[Jaime Martínez]

De corruptos y corruptores


Lo acontecido en el Fondo de Desarrollo indígena, donde los cheques salían como volantes, con jugosas cifras, para ser depositados en cuentas personales de “hermanos y hermanas,” que decían representar a organizaciones sociales, pero cuyos miembros ni se enteraban de esos desembolsos, porque enriquecían a los “hermanos” favorecidos con el beneplácito o con “la muñeca” del poderoso comprador de conciencias, para acallar a las bases; es una muestra del deterioro moral de esos seres, que, en el fondo, se han convertido no sólo en traidores a sus comunidades, sino en un peligro para las mismas, puesto que esos dirigentes pueden hacer cualquier cosa, inclusive destrozarlas, por un vil precio.

Es que los corruptos actúan de manera atrevida y desenvuelta, en franco desafío a la ley y la legalidad; son más refinados y cínicos que los vulgares ladrones, porque éstos roban con temor a ser descubiertos y, entonces, tienen que soportar el peso de la ley; los corruptos, en cambio, roban y delinquen confiadamente, porque han tejido una red protectora de sus malos manejos, red que les impide caer y romperse la cabeza, garantizándoles, en cambio, el encubrimiento, que lleva al enredo, y termina en aquí no ha pasado nada.

En este caso, la ley deja de ser norma y se vuelve un juguete, un instrumento que la tuerce a su antojo, para favorecer al amigo y perjudicar al enemigo; y permitir que el compañero pueda hacer lo que quiera, mientras el oponente es mirado con lupa y tratado con rigor.
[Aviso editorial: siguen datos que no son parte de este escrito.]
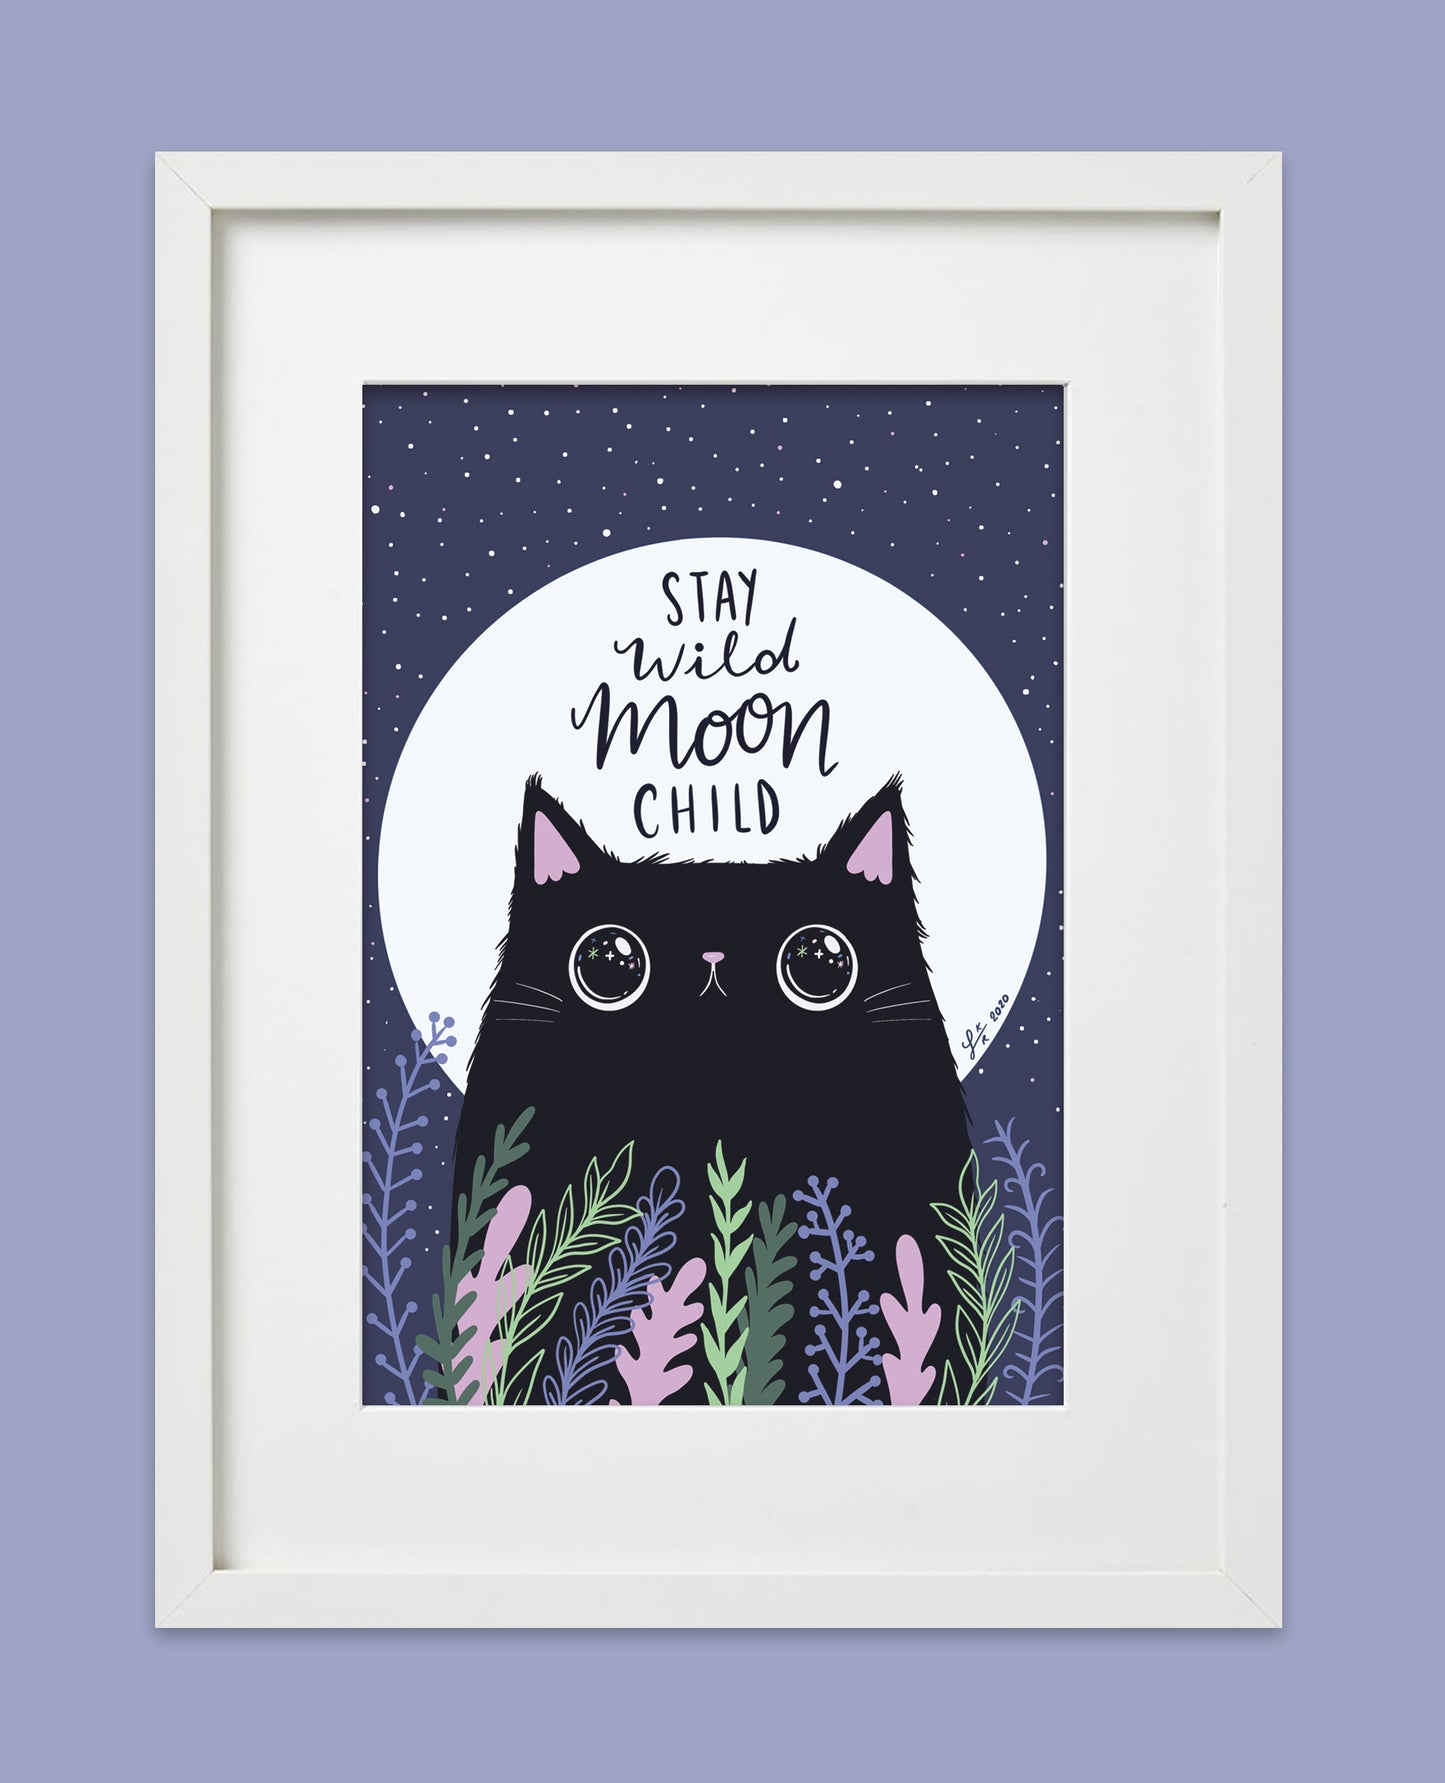 Stay wild moon child - Cute Cat Art Print

Eso sí, con frases conmiserativas, como: qué pena que le haya ocurrido esto, pero la ley es así, y debemos respetarla. La culpa está en su acto. Palabras dichas con lágrimas en los ojos, y sonoras risotadas interiores que significan: Viste. Me salí con la mía.
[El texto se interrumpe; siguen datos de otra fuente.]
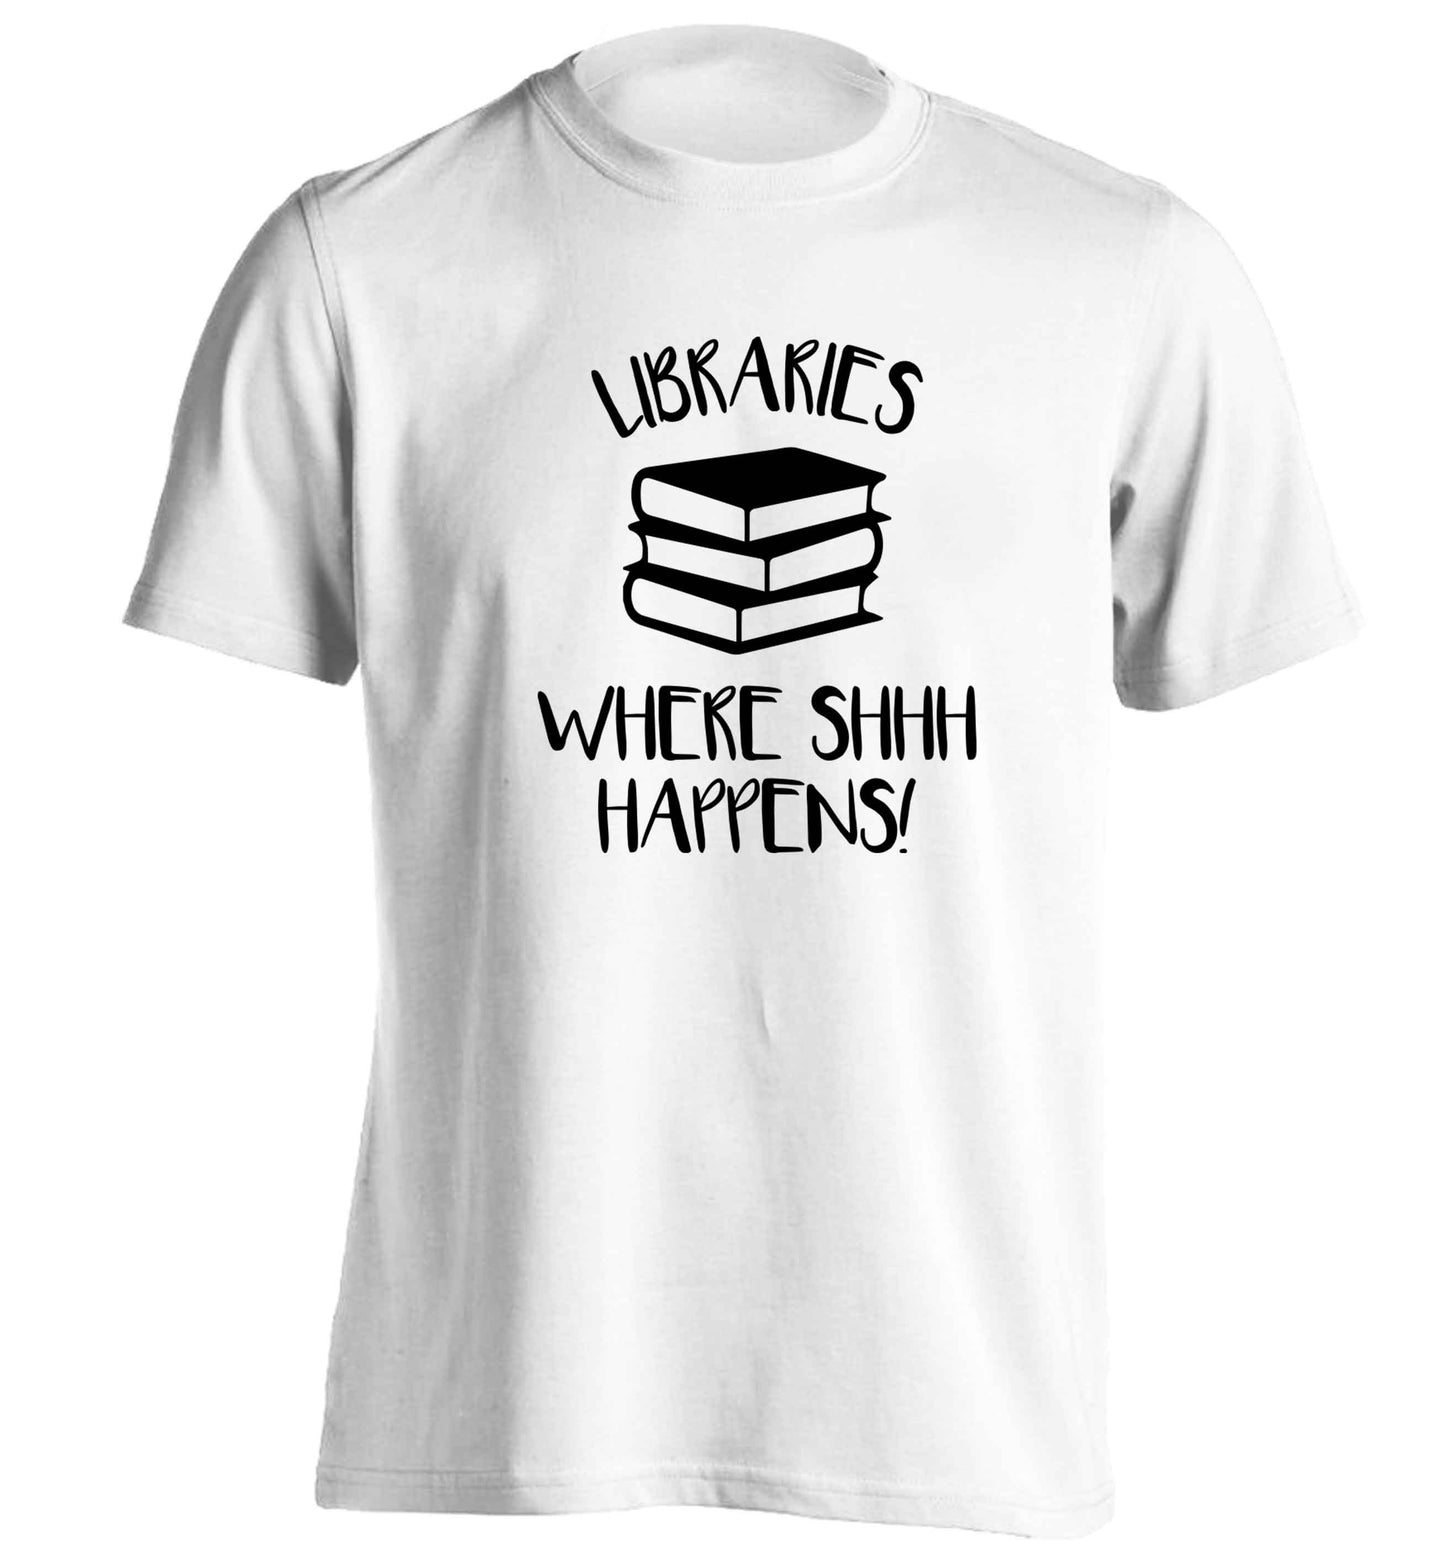 Libraries where shh happens! adults unisex white Tshirt 2XL

El corruptor, el poderoso tejedor de intrigas, es un despreciable titiritero social que saca a las marionetas a la escena, pero él se esconde entre bambalinas, como si no existiera, y hace realizar cosas y decir discursos a sus “personajes” de feria, fingiendo la voz. Al final son “ellos,” los pobres actores, quienes han dicho y hecho aquello que él les ha hecho decir, quedando el manipulador -aparentemente y ante su corta visión- como un ser límpido, cumplidor de la ley. El titiritero político es un cadáver moral, es carne en descomposición, portadora de los virus más infecciosos y tóxicos, que enferman y matan a las sociedades en una epidemia de egoísmo disolutor.
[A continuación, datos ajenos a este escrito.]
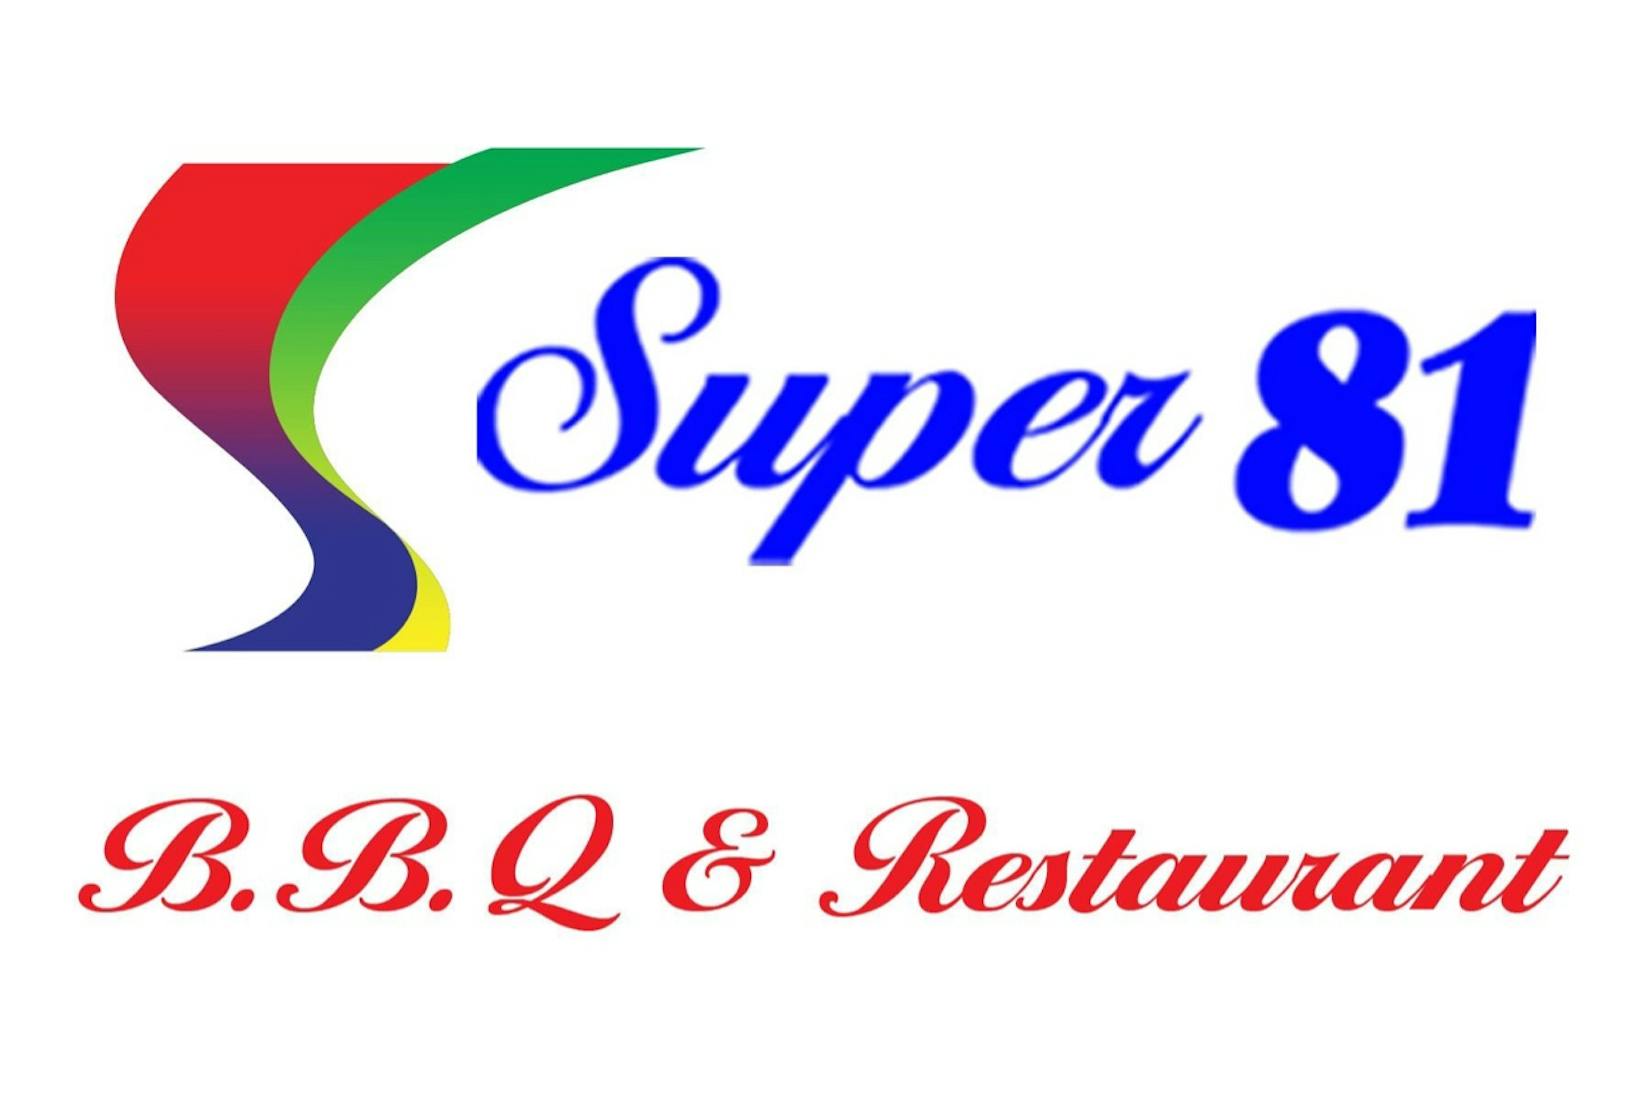 Super 81 BBQ & Restaurant | yathar

Porque la corrupción está campeando en nuestra sociedad, y ya nadie se admira por esos hechos, es necesario detenernos un momento y revisar nuestra indiferencia, porque todos, de una manera u otra, todos somos responsables del mal que hay en nuestro medio. La corrupción es una fuerza disociadora del ser social del país. Es una acción o una serie de acciones que actúan de afuera adentro, y van destruyendo la estructura moral de la persona, pero mantienen su forma, su apariencia. Es el acto que traspasa el límite entre lo bueno y lo malo, entre lo legal y lo ilegal, debilitando la conciencia del ser humano, convirtiéndola en un remedo de conciencia, a medida que esos hechos se repiten una y otra vez, y van convirtiéndola en un campo psíquico donde todo parece borrarse; donde la inteligencia es incapaz de diferenciar lo positivo de lo negativo, porque ya no hay diferencias de valor, de elementos constructores de la persona, sino de interés, porque esa conciencia se ha cerrado, englobándolo todo en el yo egoísta, incapaz de mirar más allá de sí mismo; y, entonces, sólo existo yo, y esto que voy a hacer me conviene, y esto otro no me conviene, mirando el mundo con la limitada visión del yo, perdiendo la perspectiva del nosotros, que es la fuerza cohesionadora de cualquier sociedad.

El autor es Miembro Correspondiente de la Academia Filipina de la Lengua.